### Exercise
Below is a listing; transcribe it exactly but without any images.
Material provided Start Marker
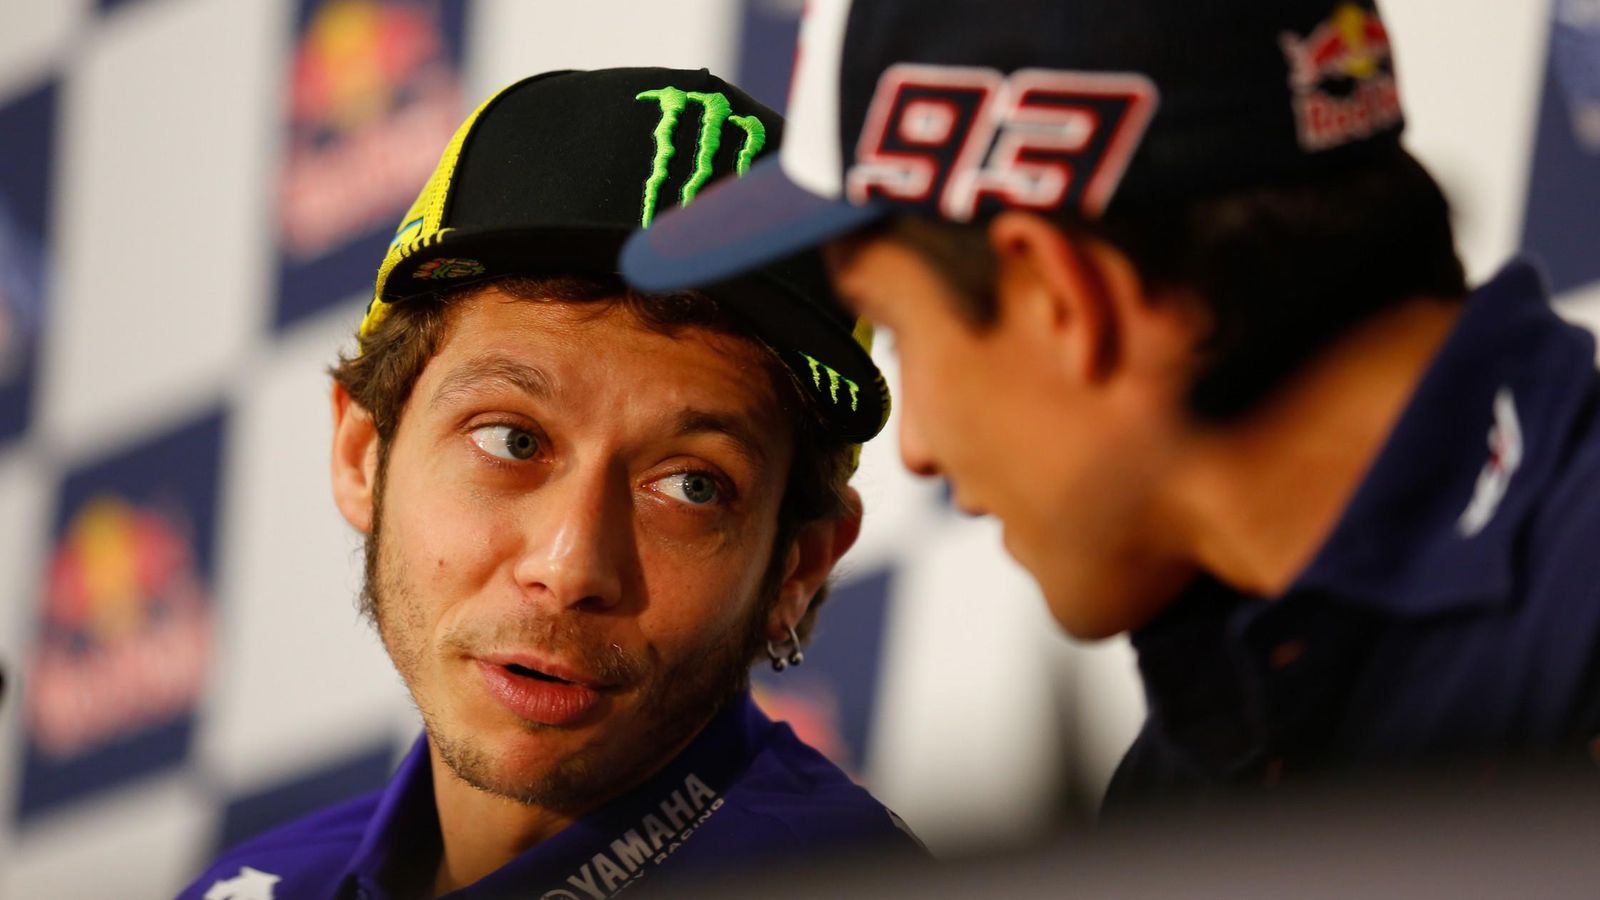 Foto: Valentino Rossi charla con Márquez durante la rueda de prensa (MotoGP).
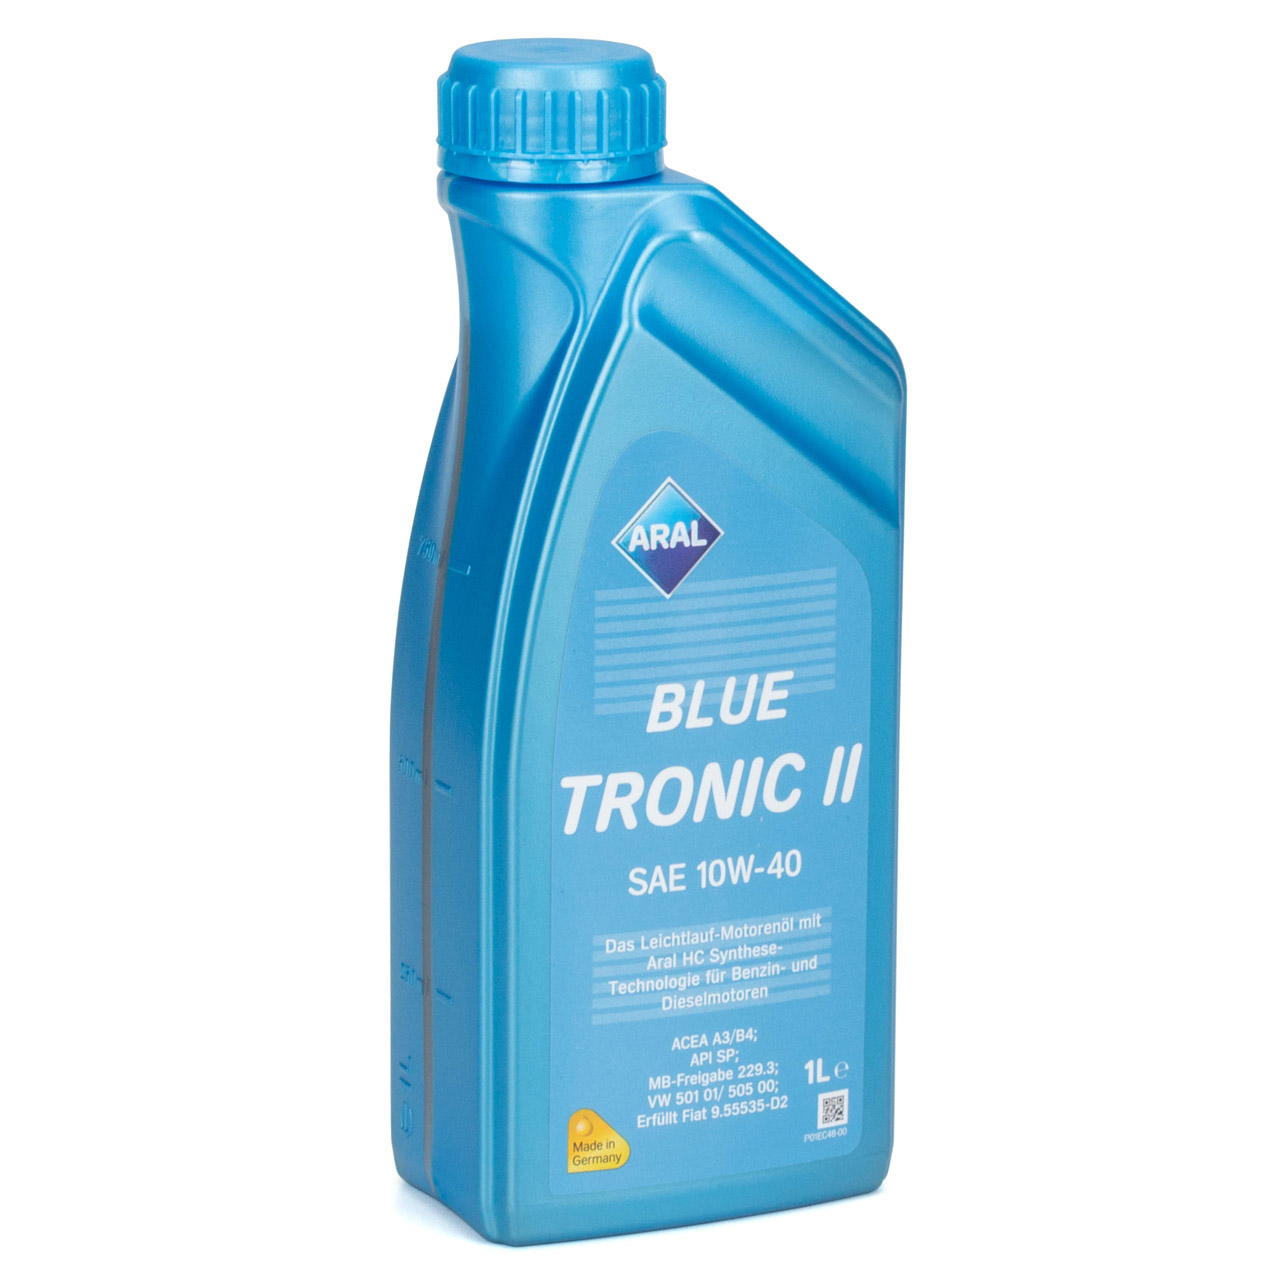 6L 6 Liter ARAL BLUE TRONIC II 10W-40 Motoröl Öl MB 229.3 VW 501.01/505.00 FIAT 9.55535-D2
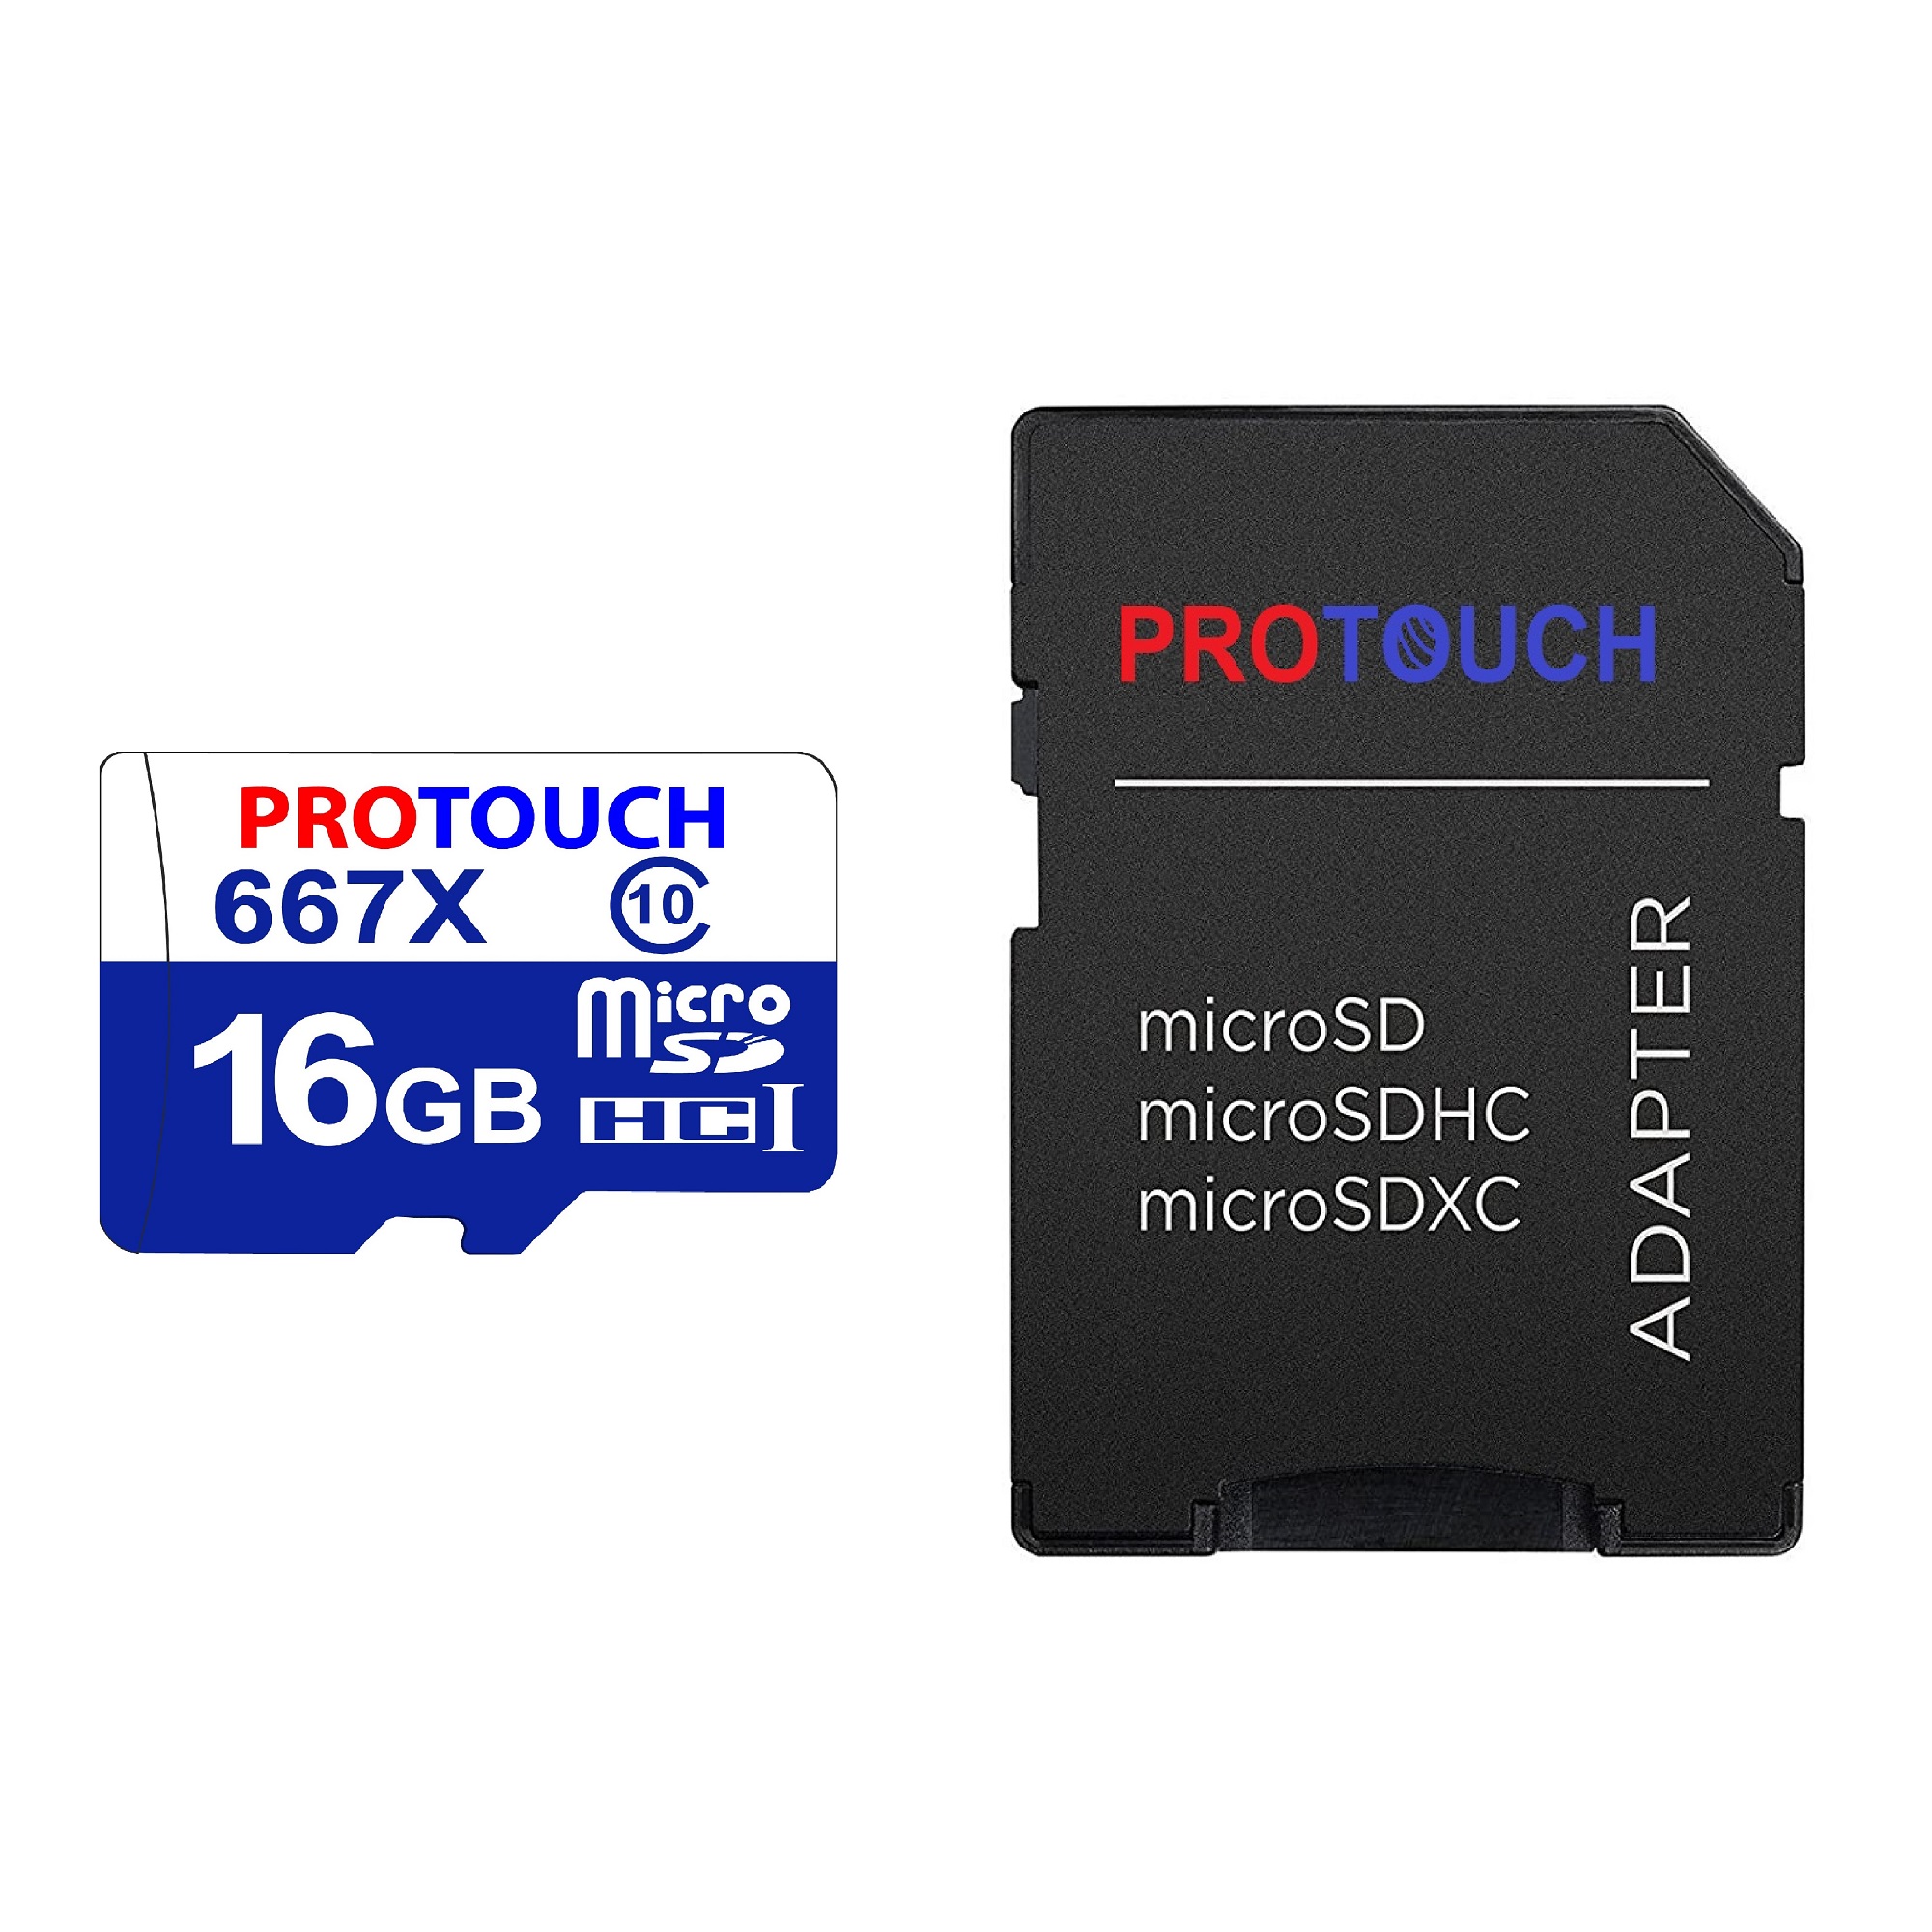 کارت حافظه microSDXC پروتاچ مدل Ultra کلاس 10 استاندارد UHS-1 U3 سرعت 120MBps ظرفیت 16 گیگابایت به همراه آداپتور SD
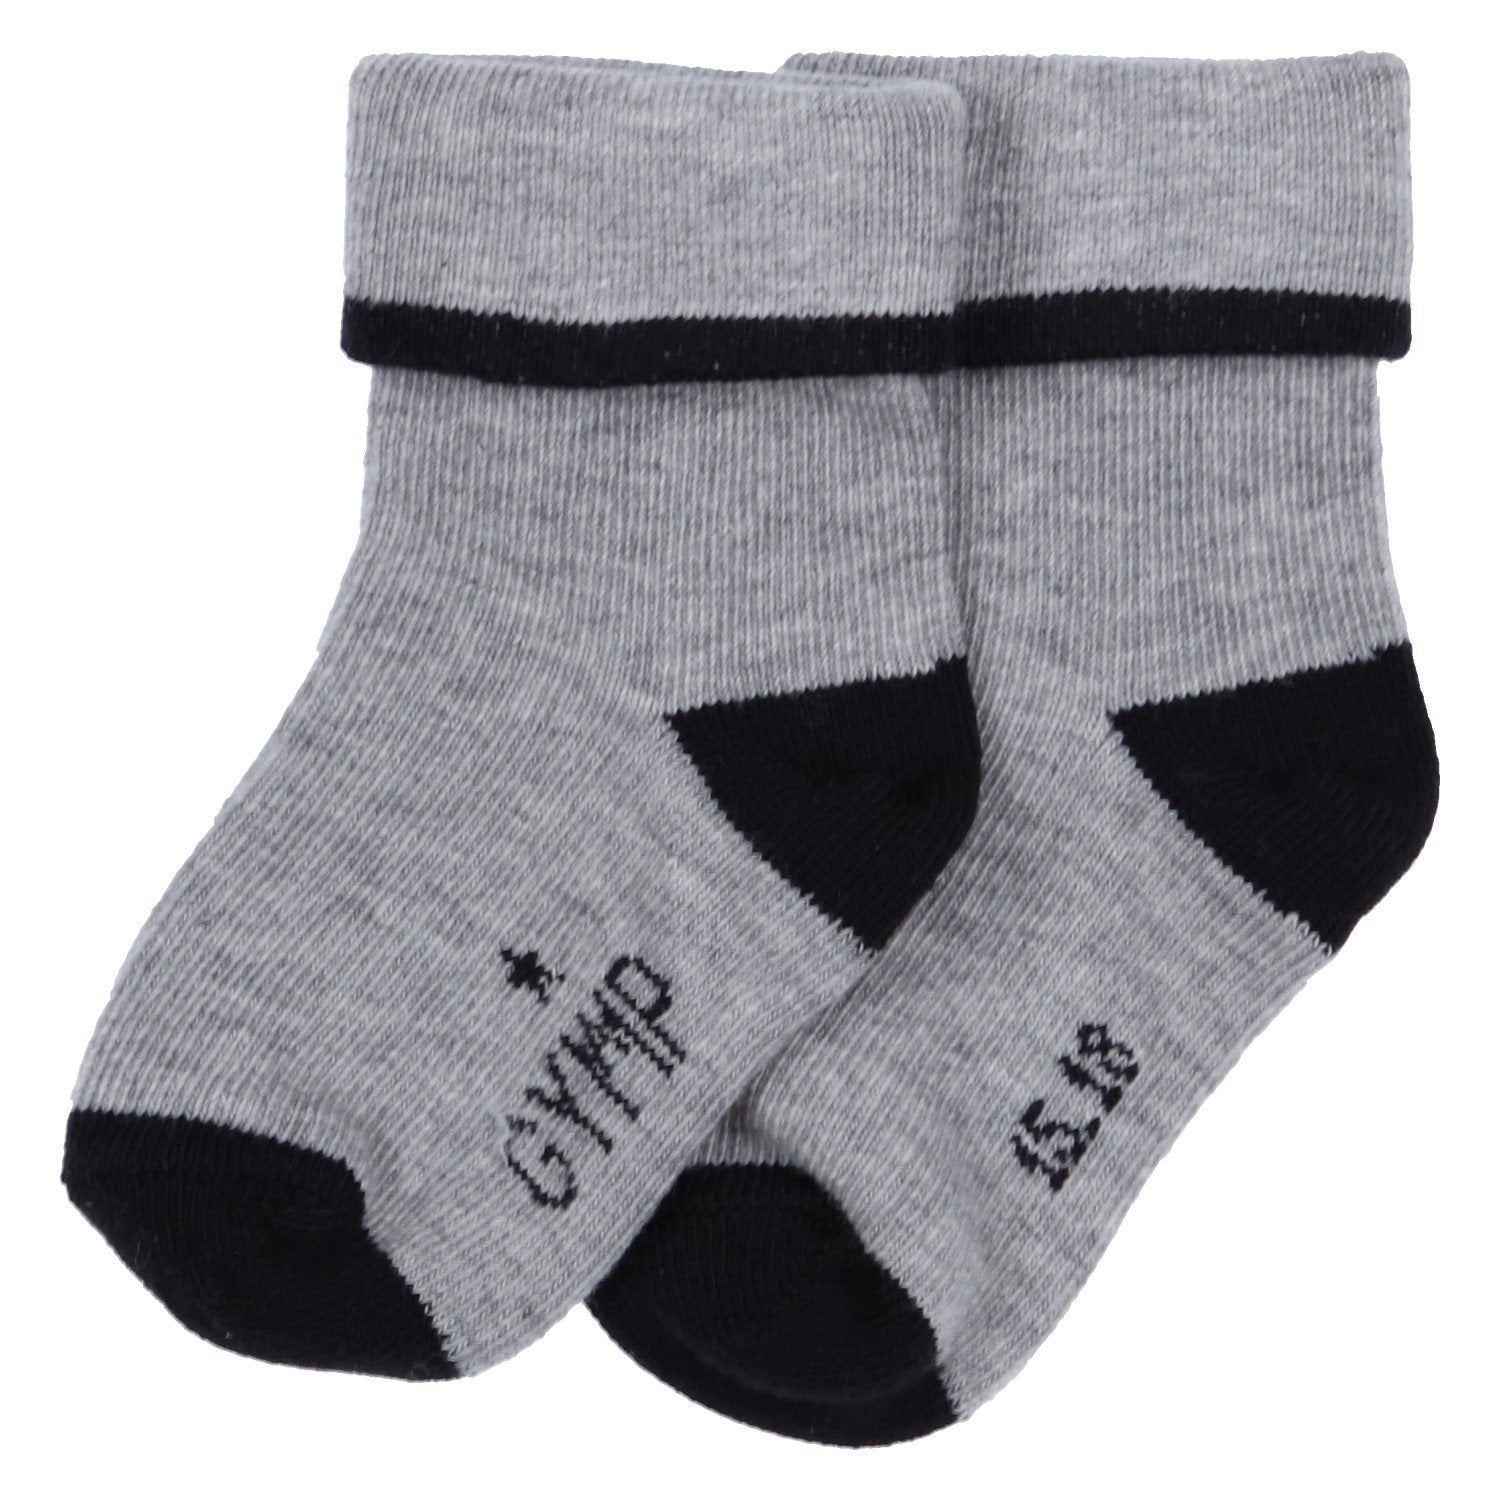 Baby jongens SOKKEN - boys socks - Preminim van GYMP in de kleur BLAUW/GRIJS in maat 19, 22.
Material provided End Marker
### Written solution
 Foto: Valentino Rossi charla con Márquez durante la rueda de prensa (MotoGP).
 6L 6 Liter ARAL BLUE TRONIC II 10W-40 Motoröl Öl MB 229.3 VW 501.01/505.00 FIAT 9.55535-D2
 کارت حافظه microSDXC پروتاچ مدل Ultra کلاس 10 استاندارد UHS-1 U3 سرعت 120MBps ظرفیت 16 گیگابایت به همراه آداپتور SD
 Baby jongens SOKKEN - boys socks - Preminim van GYMP in de kleur BLAUW/GRIJS in maat 19, 22.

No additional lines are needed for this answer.